Удивленный, Мэй подчинился. Люди неохотно пропускали их, хотели, чтобы она сплясала еще. Владетель - Хель это видела - проталкивался следом. Наконец толпа стала реже, и Хель почти втащила Мэя в какой-то переулок. Здесь было безлюдно, только впереди маячили две неясные фигуры. И тут же сзади загремели тяжелые сапоги. Хель, вскрикнув, бросилась в сторону, но грубые пальцы уже вцепились в ее плечо. Владетель сильно рванул ее к себе.
- Мэй! - отчаянно вскрикнула она.
Мэй выхватил из-за пазухи кинжал и бросился на владетеля, но клинок, звякнув, сломался о кольчугу, владетель, не оборачиваясь, наотмашь ударил Мэя по лицу, и тот отлетел к стене дома. Владетель попытался забросить Хель на плечо, но она вцепилась в его щеки ногтями и повисла на нем всей своей небольшой тяжестью. Он выругался, даже застонал, но не выпустил ее, поволок дальше. И вдруг чья-то тень мелькнула перед глазами Хели, что-то глухо стукнуло, и владетель, охнув, рухнул на мостовую, как мешок с капустой. Сильная рука бережно подняла Хель. Взглянув на нежданного защитника, она увидела грубоватое гневное лицо с черной бородкою и маленькими глазами. Незнакомец, судя по виду, горожанин, был на две головы выше Хели. Его спутник - это их мимолетно видела Хель впереди - склонился над Мэем.

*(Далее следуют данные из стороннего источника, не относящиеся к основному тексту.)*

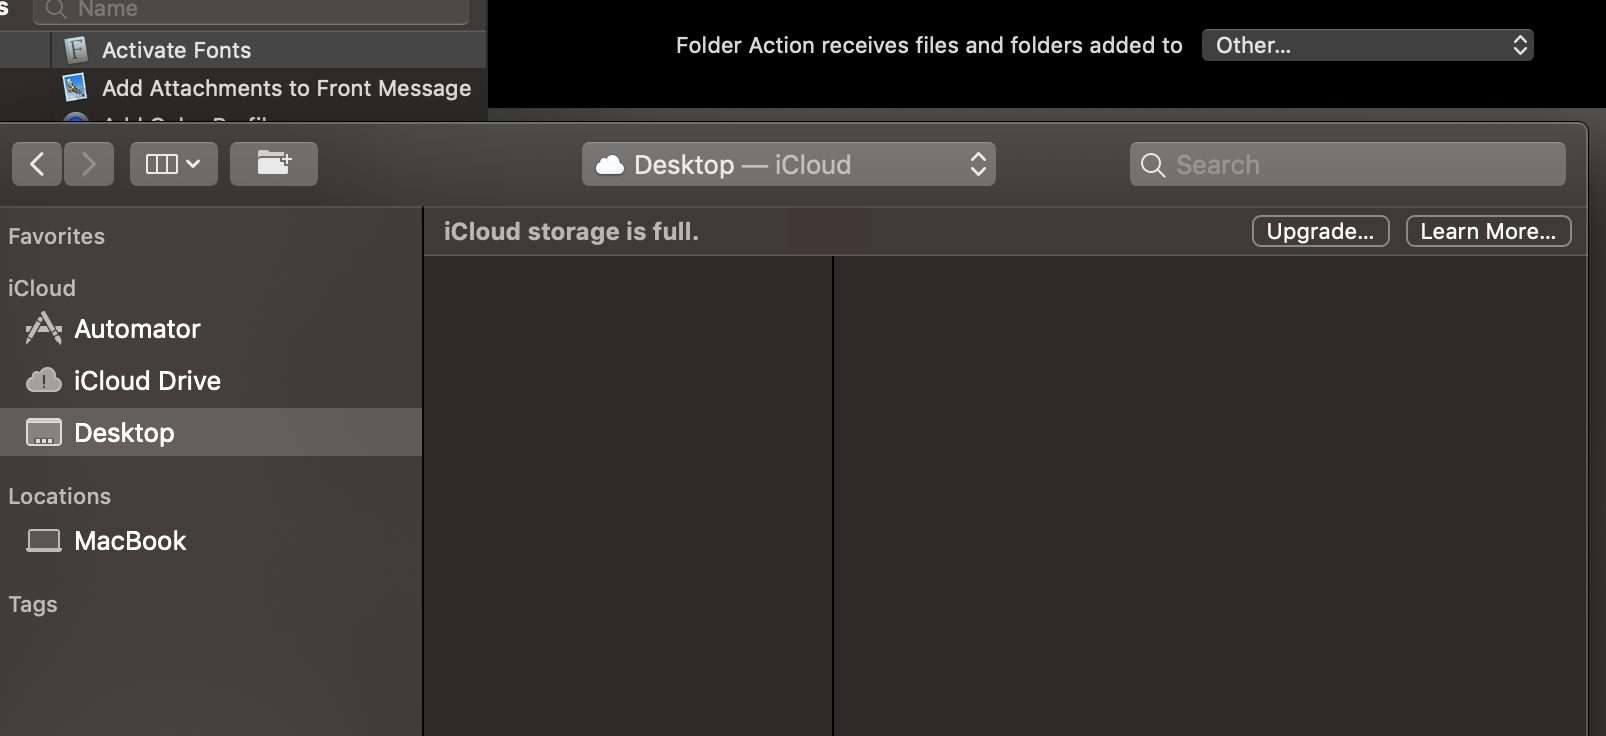 Choose desktop in the Folder Action

- Девчонок обижать! - пробасил незнакомец, грозя кулаком валявшемуся без чувств владетелю. - Здесь город вольный, здесь бароны не правят...

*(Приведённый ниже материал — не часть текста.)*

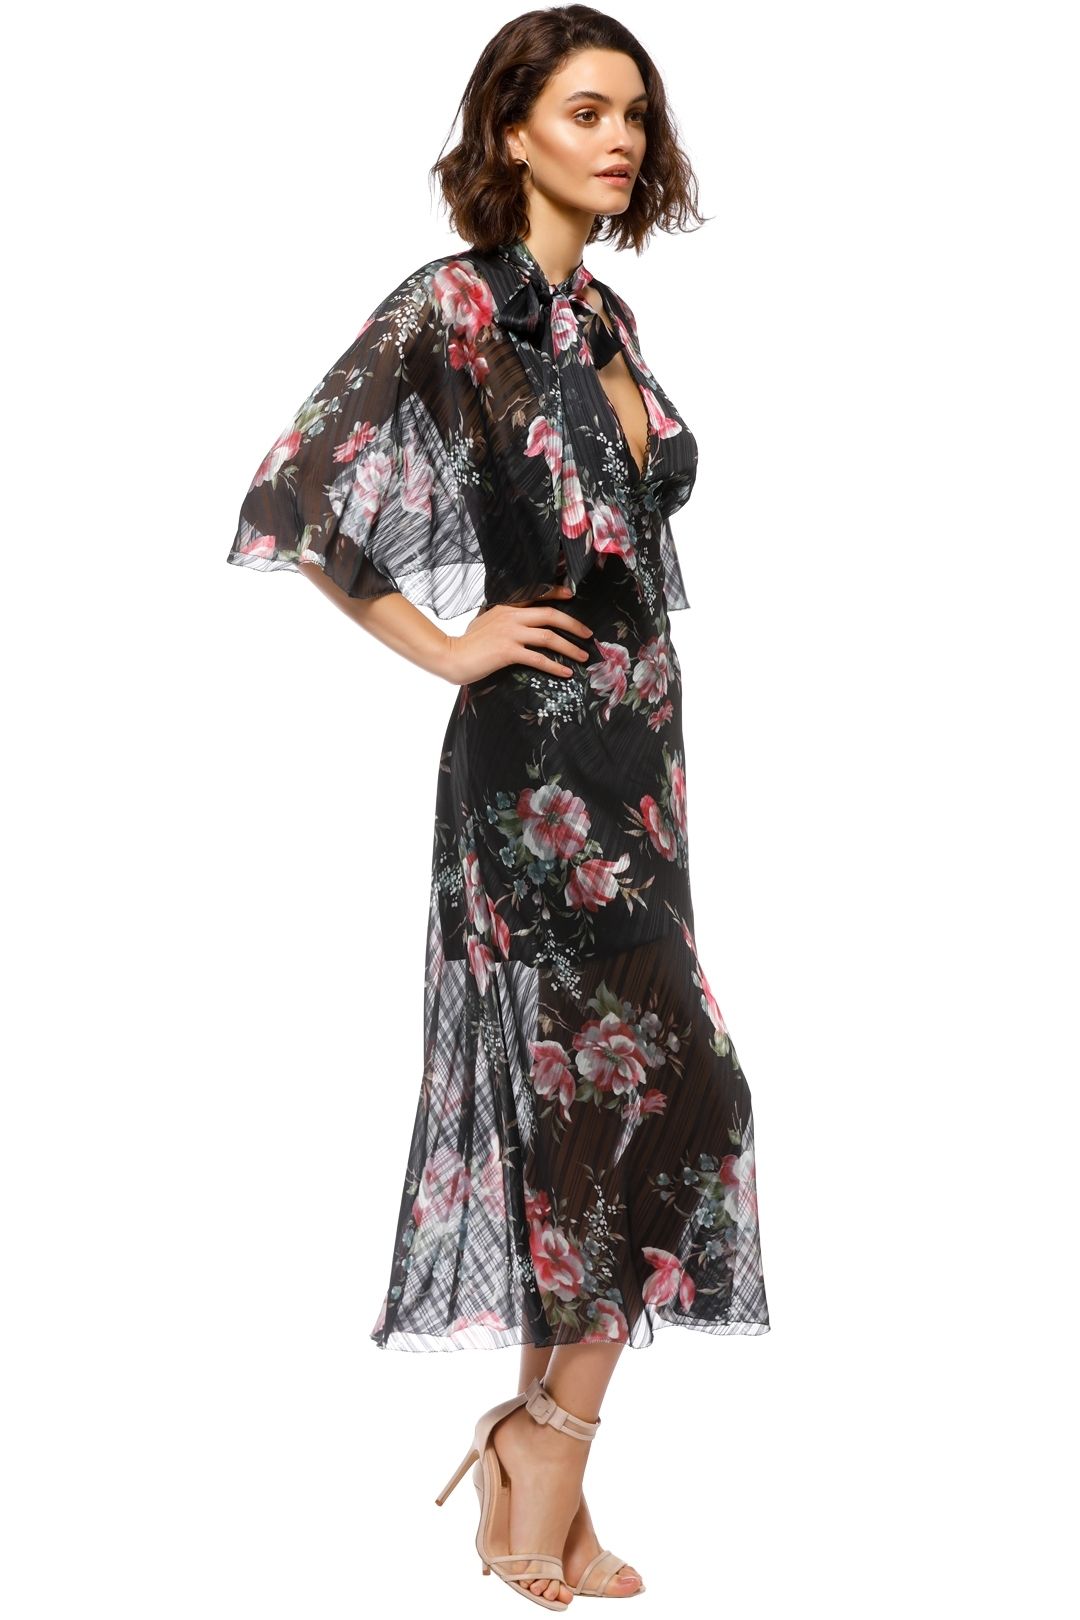 Talulah - Belonging Midi Dress - Black Floral - Side

Не слушая его гневной речи, Хель подбежала к Мэю. Тот уже сидел, лицо его было залито кровью.
- Вытри, - сказал человек, поддерживавший Мэя, и протянул ей какой-то лоскут. И только сейчас Хель разрыдалась. Плача, она вытирала кровь, а ее все не становилось меньше, а Мэй, едва шевеля разбитыми губами, повторял:
- Не плачь, сестричка, не надо...
- Ирбис! - прогремел над ними уже знакомый бас. - Барона я в канаву оттащил, пусть охолонет. А малышей мы до дому проведем. Вы где остановились, девонька?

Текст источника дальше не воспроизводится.